# Rehoming Overcrowded Rat Family



## Waterat (Oct 2, 2020)

Located in Dublin, Ireland, in Europe.

Four 1 year old females
(live together):
Great tempered
- gentle, curious, adventurous, love humans and human company, and chewing on anything that isn't their chew toys (especially my stuff).

Two 1 year old males (live together):
Great tempered
- gentle, placid, curious, love humans and human company and lazing around. Both are not interested in rough play, and one will avoid confrontation with every rat - although he hasn't been fought with by his cagemate, it's just his preference to be away from all possible arguments.

One 16 month old male
(in separate cage from the rest)
- He needs to be neutered due to his previous bout of testosterone surges causing heavy scent marking and hierarchical nipping of rats and myself. However it has been many months since he has presented with issues anymore.
Although he's still not allowed to free roam with the other rats because he isn't neutered, he has returned to his company loving, pet like self that isn't solely driven by instinct.

One 16 month old male
(in separate cage from the rest)

- He 100% needs to be neutered as when he is outside of his cage, he switches into territorial and hierarchical nipping. Once before, mid-to-late last year, he jumped the barrier keeping him in the room. I went to pick him up off the floor, putting my hands palms up and slowly slid them underneath his body, and he latched onto my palm. This change in behaviours began passed his adolescent age closer to adult age. Prior to this he was placid, gentle, and avoided confrontation with anyone.

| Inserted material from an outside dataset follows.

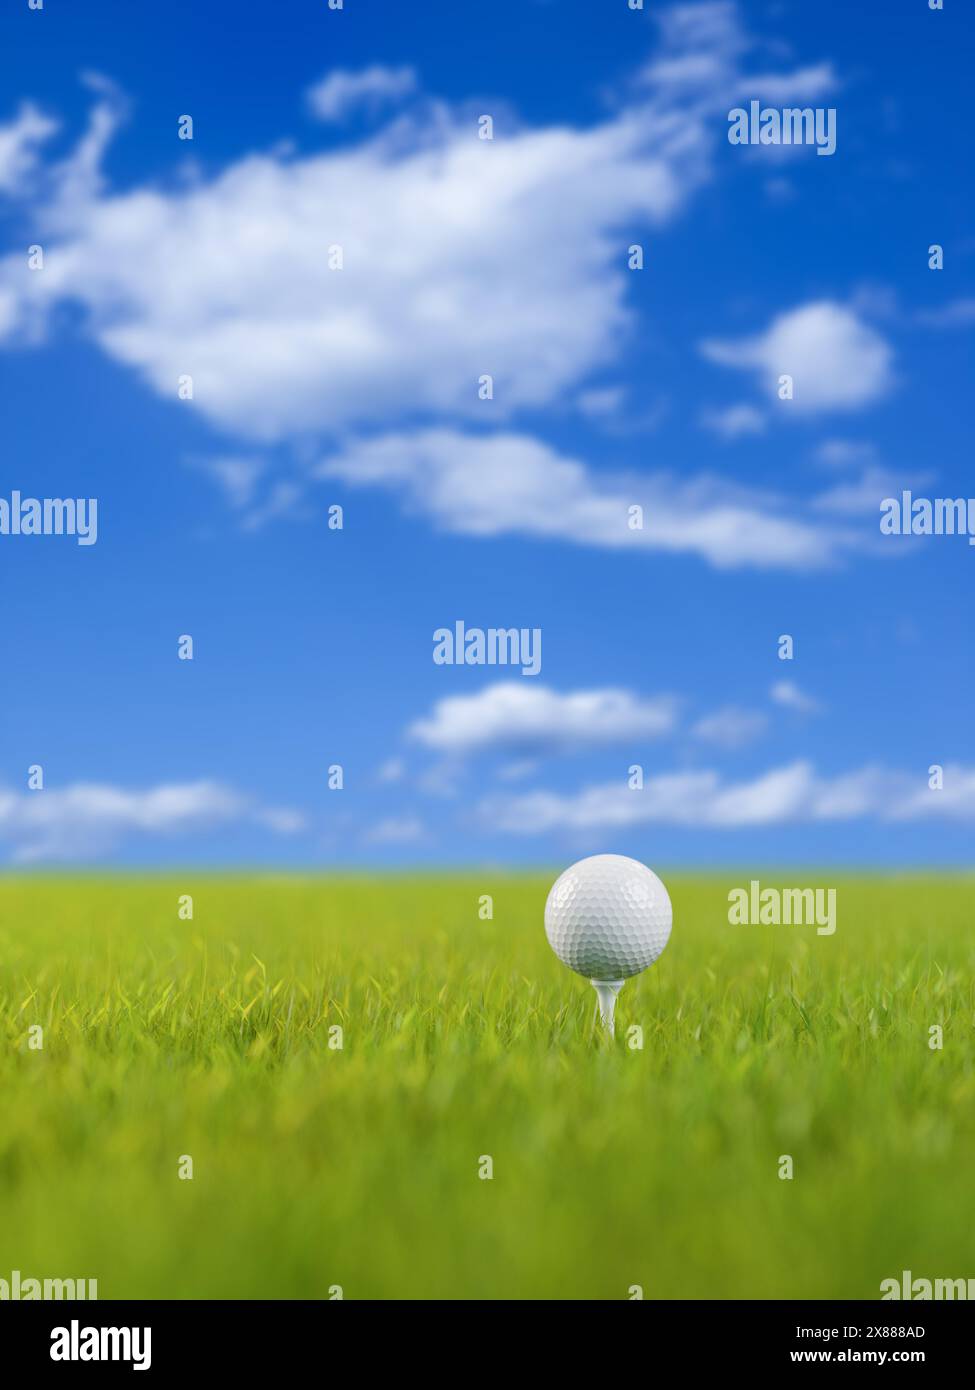 A golf ball on a golf tee on a lawn. Selective focus - very shallow depth of field. Blue sky with clouds background. Stock Photo

Two 22 month old females won't be re-homed due to their Mycoplasma (they're separated from the rest in their own cage).

I registered eight of them on the Waiting List for the Dublin Society for Prevention of Cruelty to Animals (They put surrendered animals up for adoption).
But this means that for an indefinite but very lengthy amount of time, I will not know if the organisation can actually take them.

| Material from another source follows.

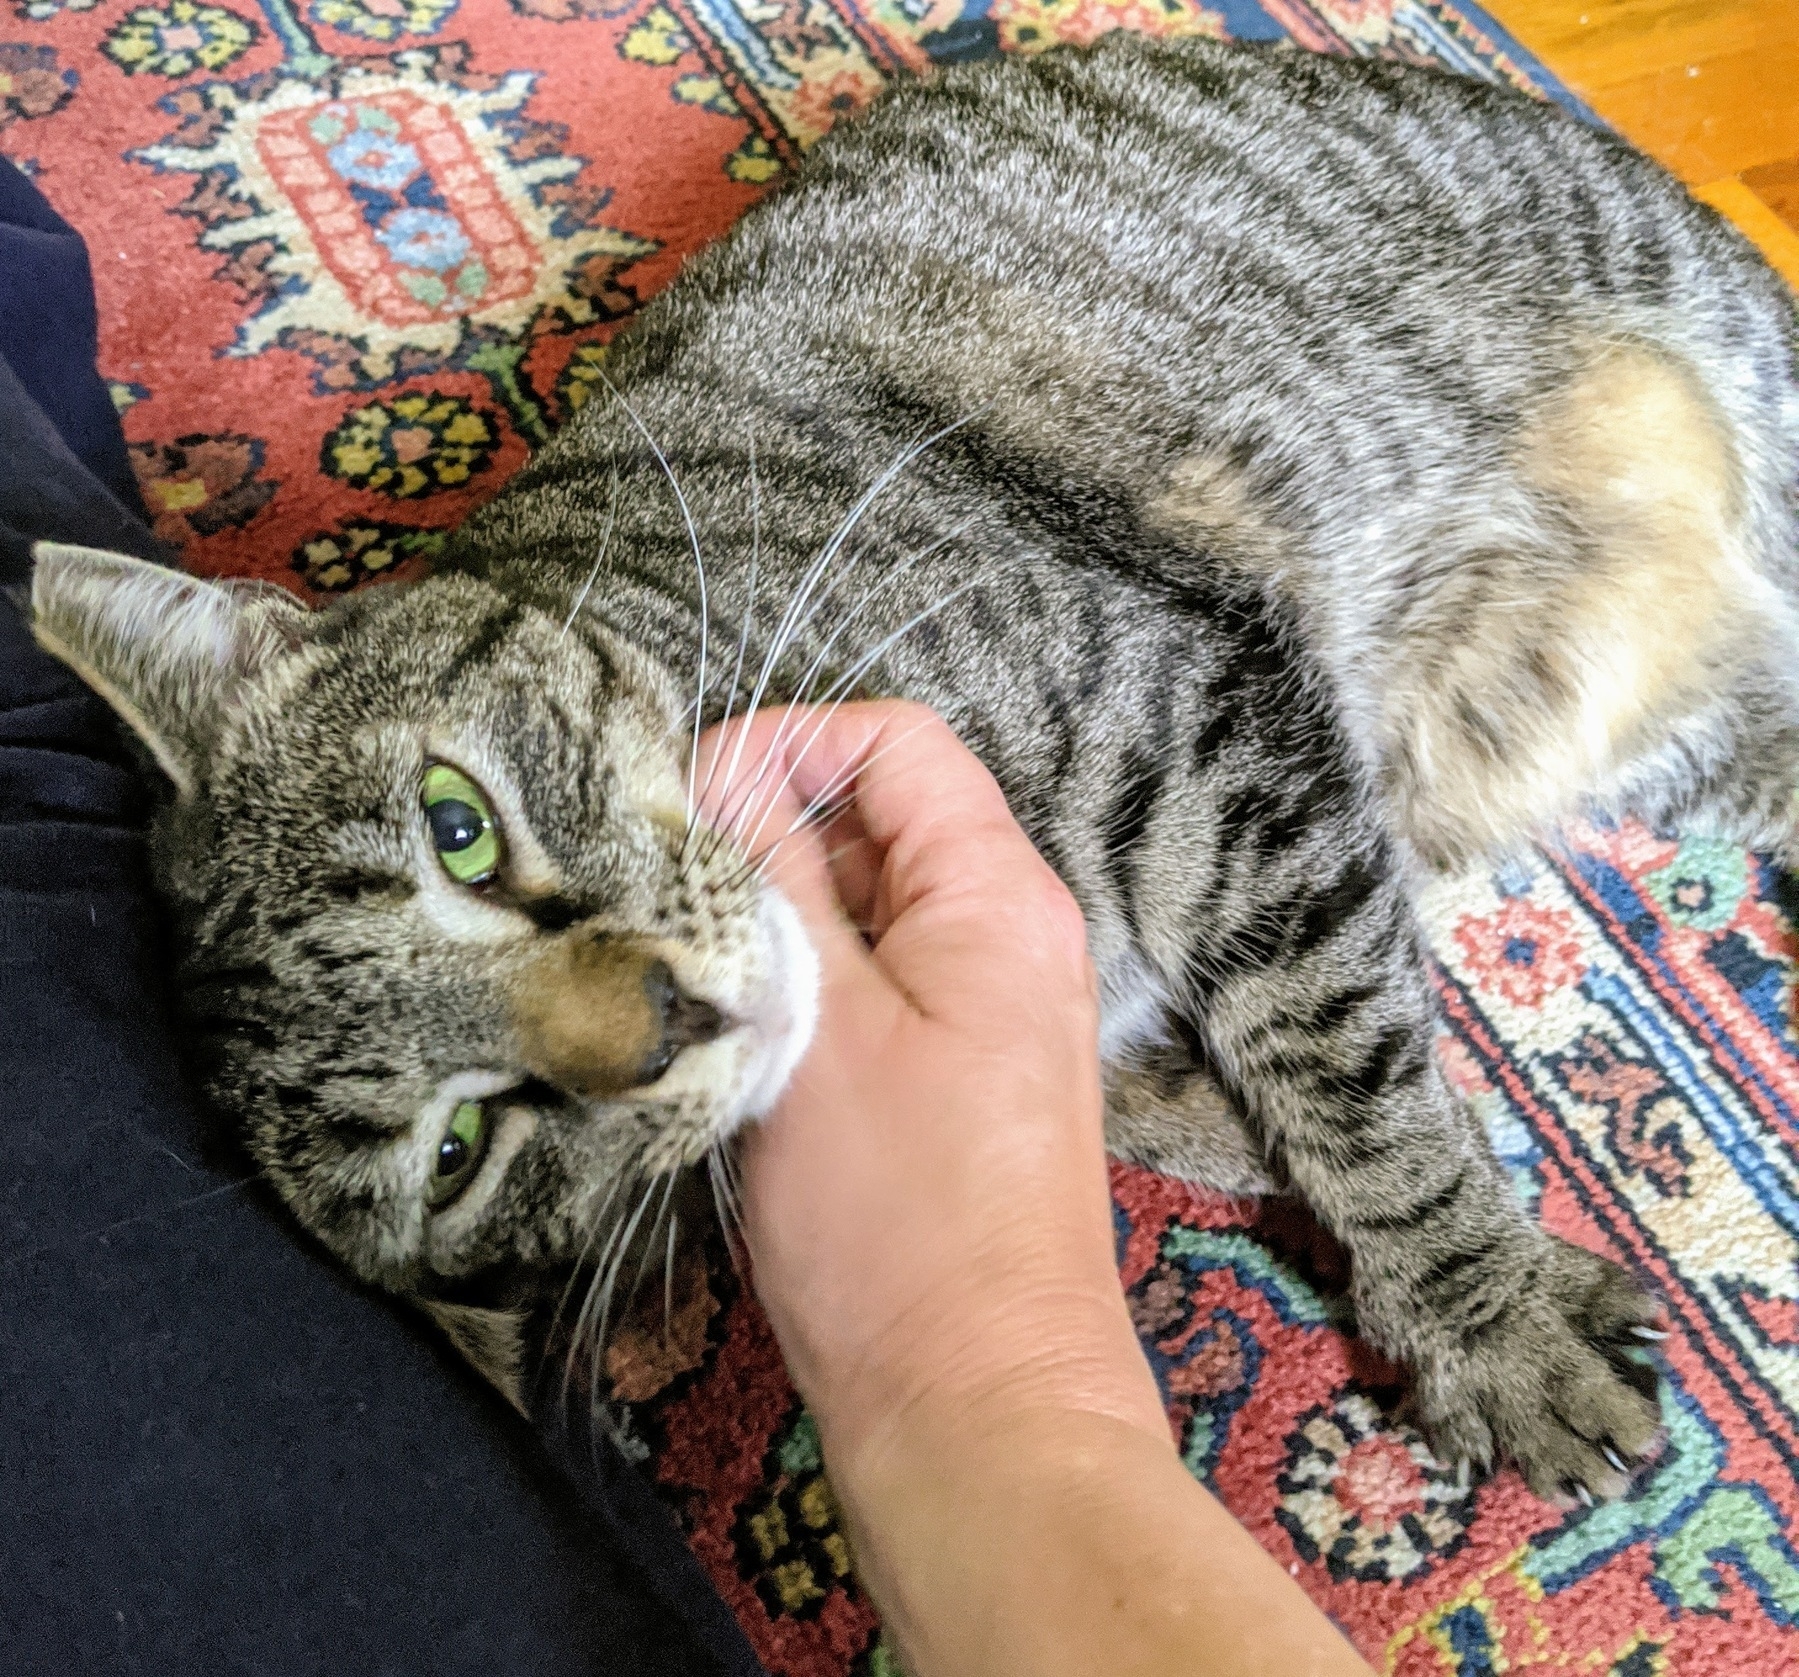 the handsomest stripey cat in the world gets cuddled

I've been struggling now more so than before. When my mental health is declining, I cannot provide the appropriate care required as I usually can. And there's noone who can help me with them whatsoever.

Since the end of last year, I have no longer been able to afford buying my rats replacements for what they chew up in their cage (houses/hammocks/climbing nets/bedding/etc.) Money stretches far enough to buy them a monthly prescription of Tylosin water-soluble.

I've been swamped under the strain for a long time now and I've not had rehoming offers that haven't fallen through.

If I cannot find an opening for them in my country's overflowing rescues, I'm worried my last option is bringing them to a pet shop.
I love my babies, they're so sweet and loving and just want to spend all of their time with me. I don't want anything bad happening to them, but I cannot keep all ten for around another two years or so. They got so much free-roaming time but it's being juggled with everything else in my day to day, that only two hours outside their cages every one to two days means they spend too much time in their empty cages. They push all bedding out of their cages and it's negatively affecting their respiratory health more and more as the days go by.


----------



## Alvaro (7 mo ago)

Waterat said:


> Located in Dublin, Ireland, in Europe.
> 
> Four 1 year old females
> (live together):
> ...





Waterat said:


> Located in Dublin, Ireland, in Europe.
> 
> Four 1 year old females
> (live together):
> ...


Hi! Do you still have the rats for adoption?


----------



## Waterat (Oct 2, 2020)

Alvaro, What rats are you interested in?


----------



## Alvaro (7 mo ago)

Hi! I'm living in Ireland with my partner (Dublin 13) and we want to adopt a couple of rats. Which rats do you have left right now? Thanks in advance.


----------



## Waterat (Oct 2, 2020)

I have two seventeen month old male rats. They are not cage-mates, so can't be together. Both need to be neutered.


----------